И когда полз по тёмному лазу, вдруг припомнилось ему слово в слово давнее наставление, данное дедом: "Есть двенадцать разновидов лихорадки - Трясовица, Огневица, Знобея, Пералея, Горькуша, Крикуша, Чернетея, Пухлея, Желтея, Дряхлея, Дремлея и Дрожея... Счастлив больной, ежели одновременно с ним больны ещё несколько сородичей - ведь, будучи занята, перелетая от одного больного к другому, не имеет возможности лихорадка трясти недужного безостановочно, даёт время отдохнуть и болящему... Чтобы напугать проклятую хворь, человеку, страдающему лихорадкой, нужно прежде всего вымазать сажей лицо, затем надеть вывороченный наизнанку тулуп либо ещё каким способом напугать виновницу болести. Правда, следует помнить и то, что не всякая лихорадка пугается. На Знобею и Трясовицу, бывает, действует. Прочие трясут так же, словно их и не пугали..."

Молитвы помогают крещёным, а для тех, кто пока ещё не уверовал в единого Господа, требуется колдовство.
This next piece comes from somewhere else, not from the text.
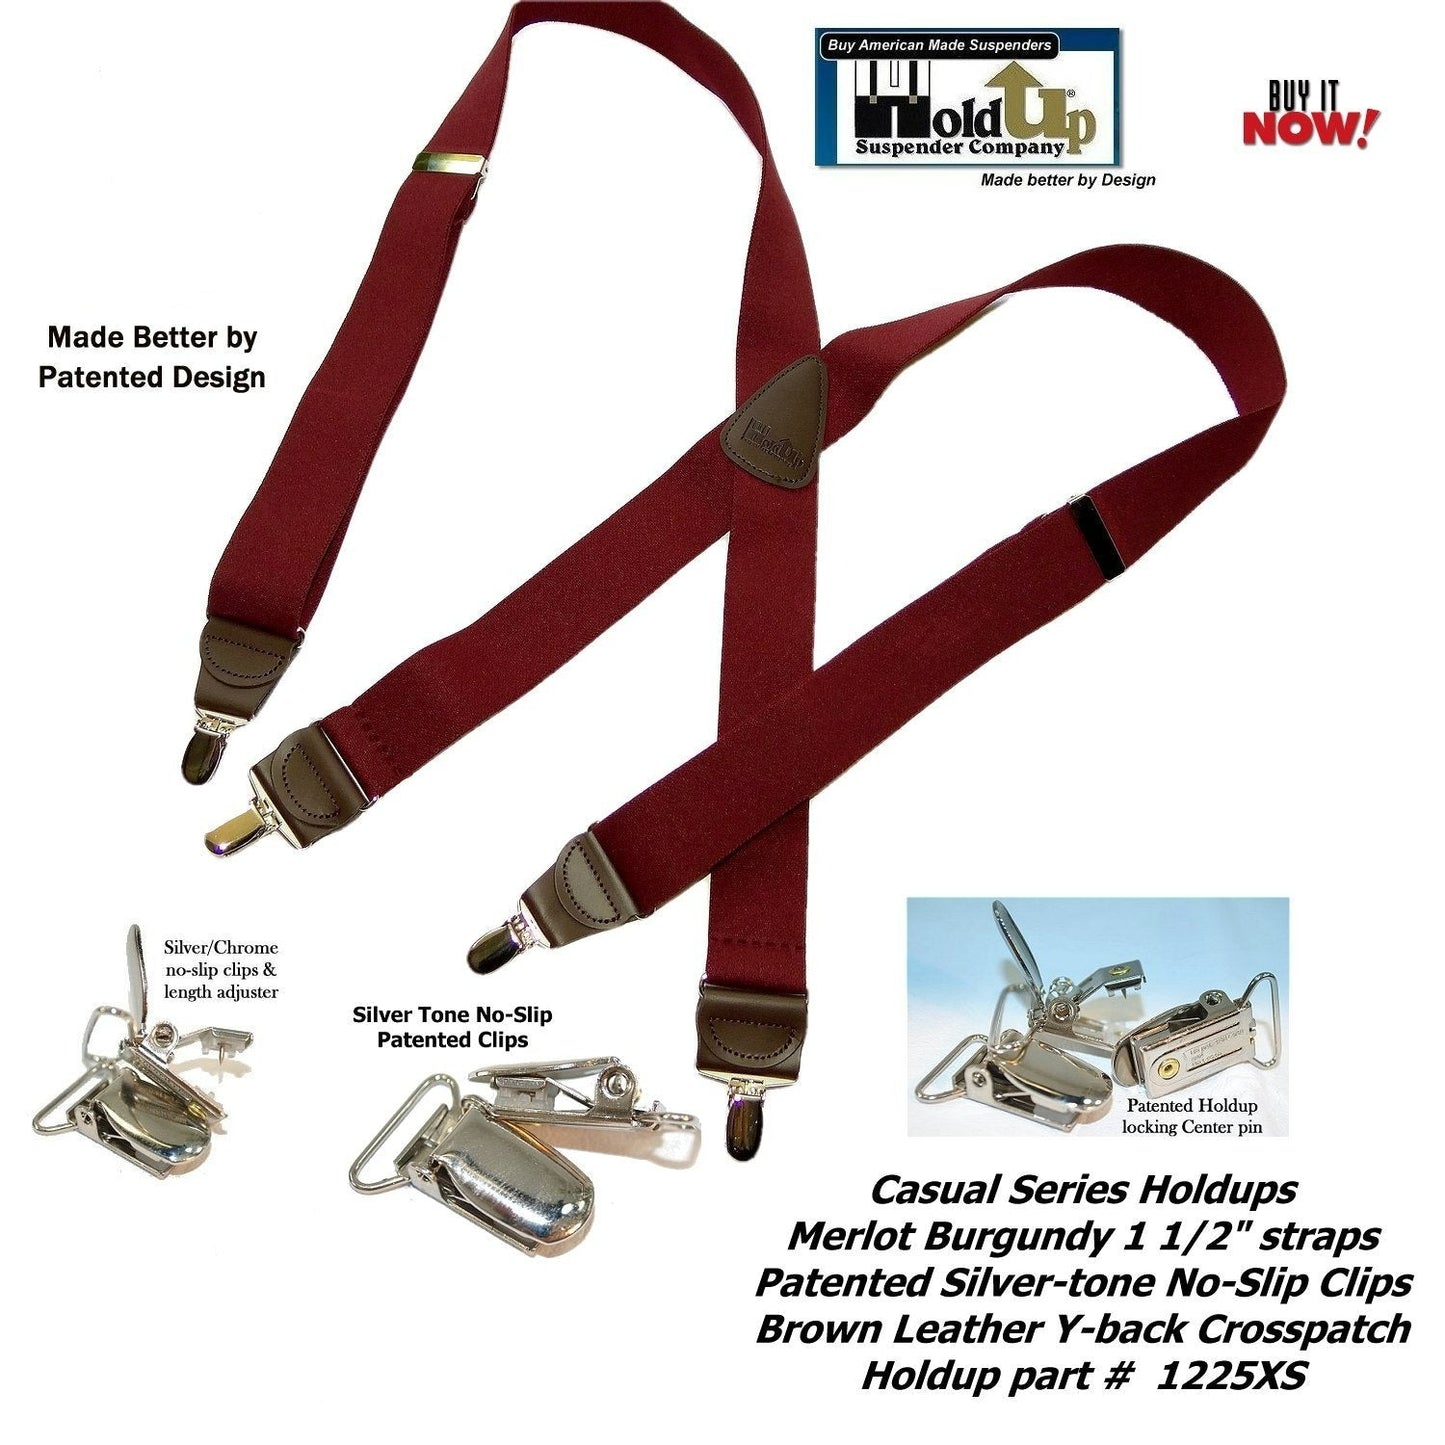 HoldUp Brand Merlot Burgundy 1 1/2" wide suspenders in X-back style with USA Patented No-slip Silver-tone clips

Для борьбы с напастями, вызванными злонамеренным колдовством, следовало прибегать к ещё более сильному колдовству.

Так что брат Косьма, сотворив молитву над спящим рабом, тут же вымазал ему лицо чёрной сажей, пристроил на голову закопчённый горшок и весьма сожалел, что нет у него в пещере хоть самого завалящего тулупчика.

Скоро явились послушники, принесли мёда и овса.

По старинному славянскому способу Косьма сварил целебное питьё, помогавшее в самый короткий срок восстановить утраченные силы.

Готовое снадобье брат Косьма освятил молитвами, а затем прошептал полагавшиеся по такому случаю заговоры - для верности.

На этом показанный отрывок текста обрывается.